Cutter Code Comparison

Author name (family name first):

Total Cutter code length (max): 4

Simple Cutter:
Banerjee Code:
Educated Cutter:
Cube Code:
Hash Code:

About

What is this? Some experiments comparing different Cutter Code variants by an MLIS student.

The "Simple Cutter" Code is generated by following the procedure described on Library of Congress instruction sheet G 63, as described on this webpage. The Banerjee Code is from the Cataloging Calculator by Kyle Banerjee. (I lightly adapted Banerjee's original code for it to work with this site.)

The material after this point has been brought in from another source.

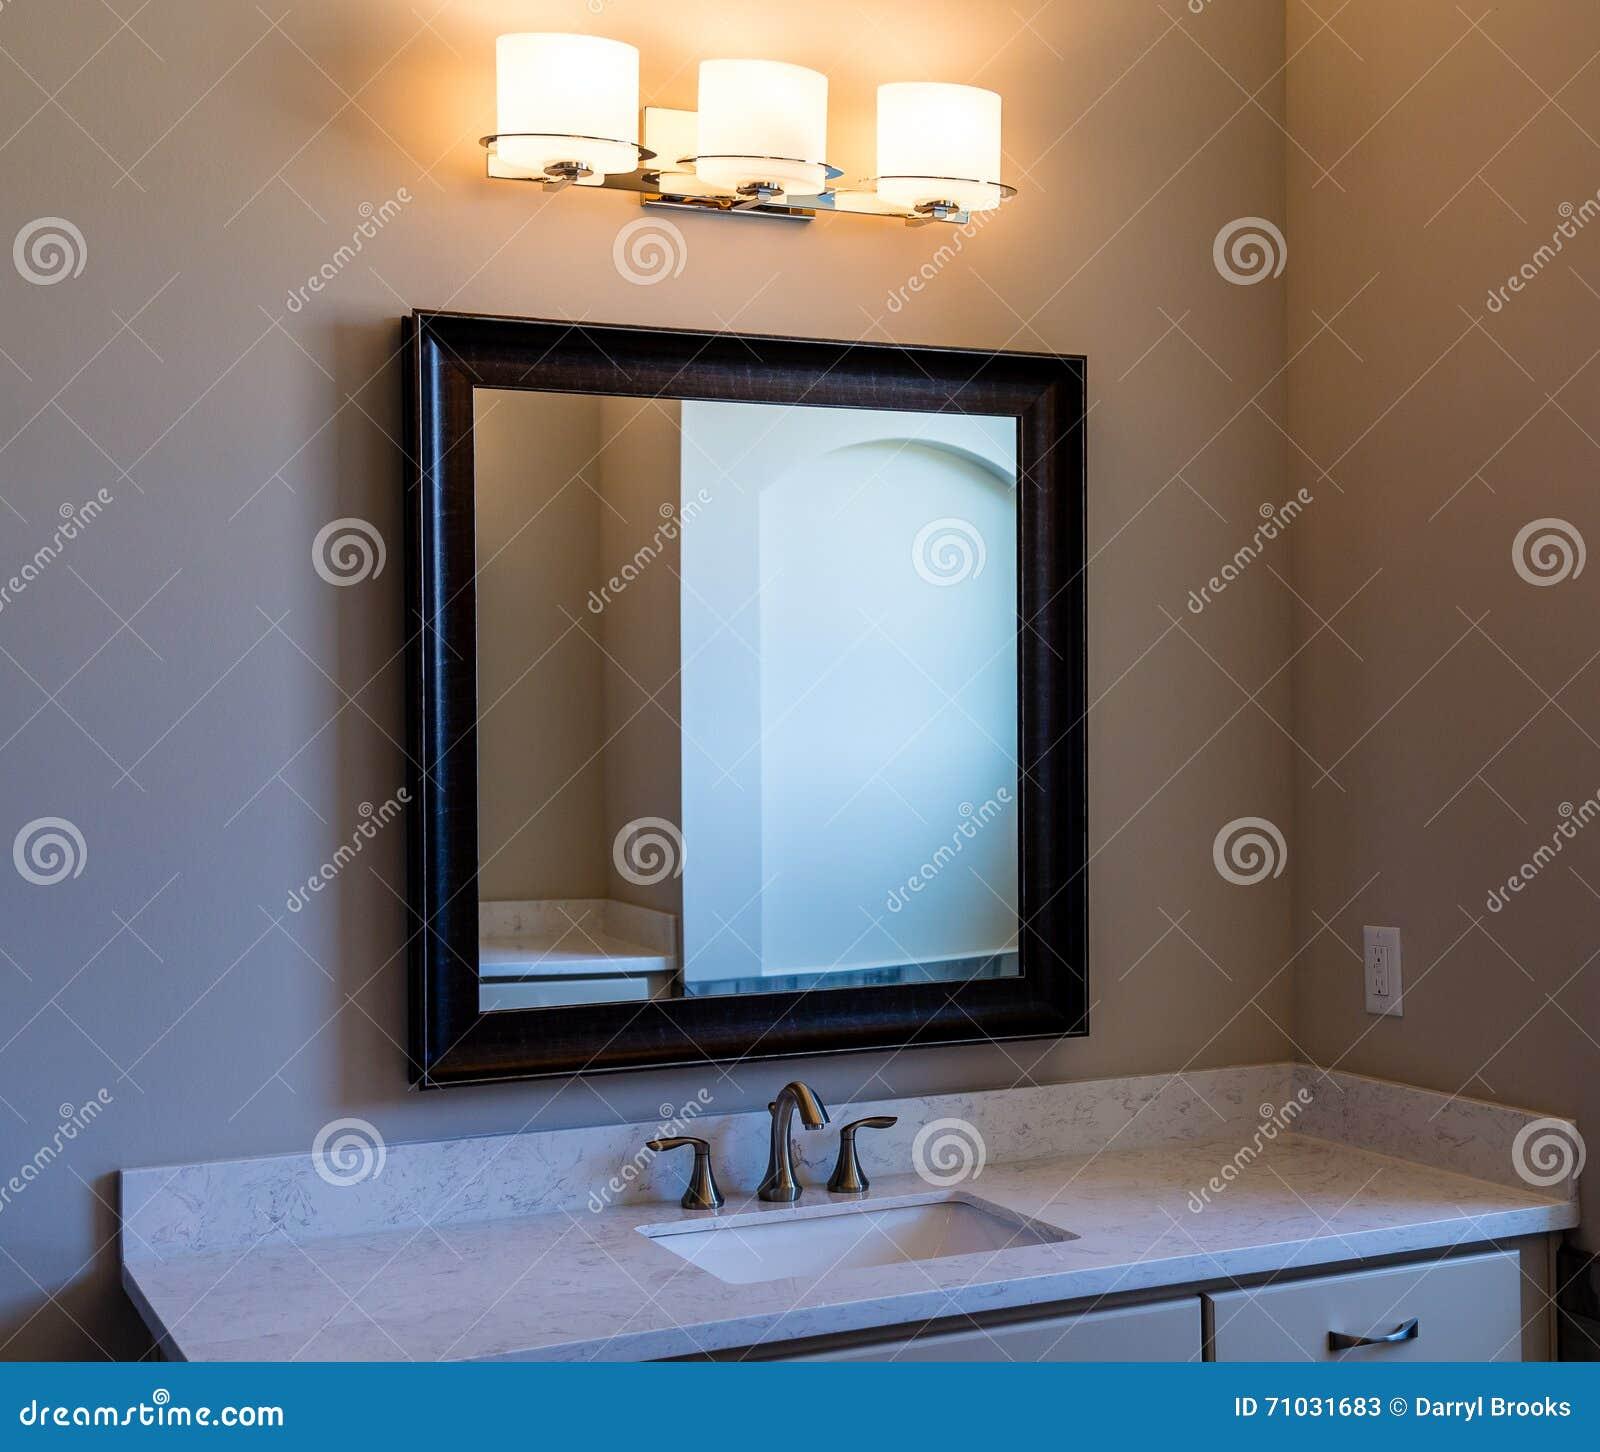 Espejo Y Luces Modernos De Vanidad Del Cuarto De Baño Imagen de ...

The "Educated Cutter" Code is my attempt at setting ranges for first-two letter combinations not specified in G 63 (e.g. names starting with "AC"). My goal was to make all the "buckets" for each digit as having an equal chance of being used (thereby increasing room for growth/hospitality) while staying compatible with G 63.

The Cube Code is my best attempt at an improved version of the Cutter Code if allowed to break from G 63. Cube Code assigns a letter + two-digit number code based on the first three letters in a given name. Crucially, the two-digit number is based on the letter frequencies.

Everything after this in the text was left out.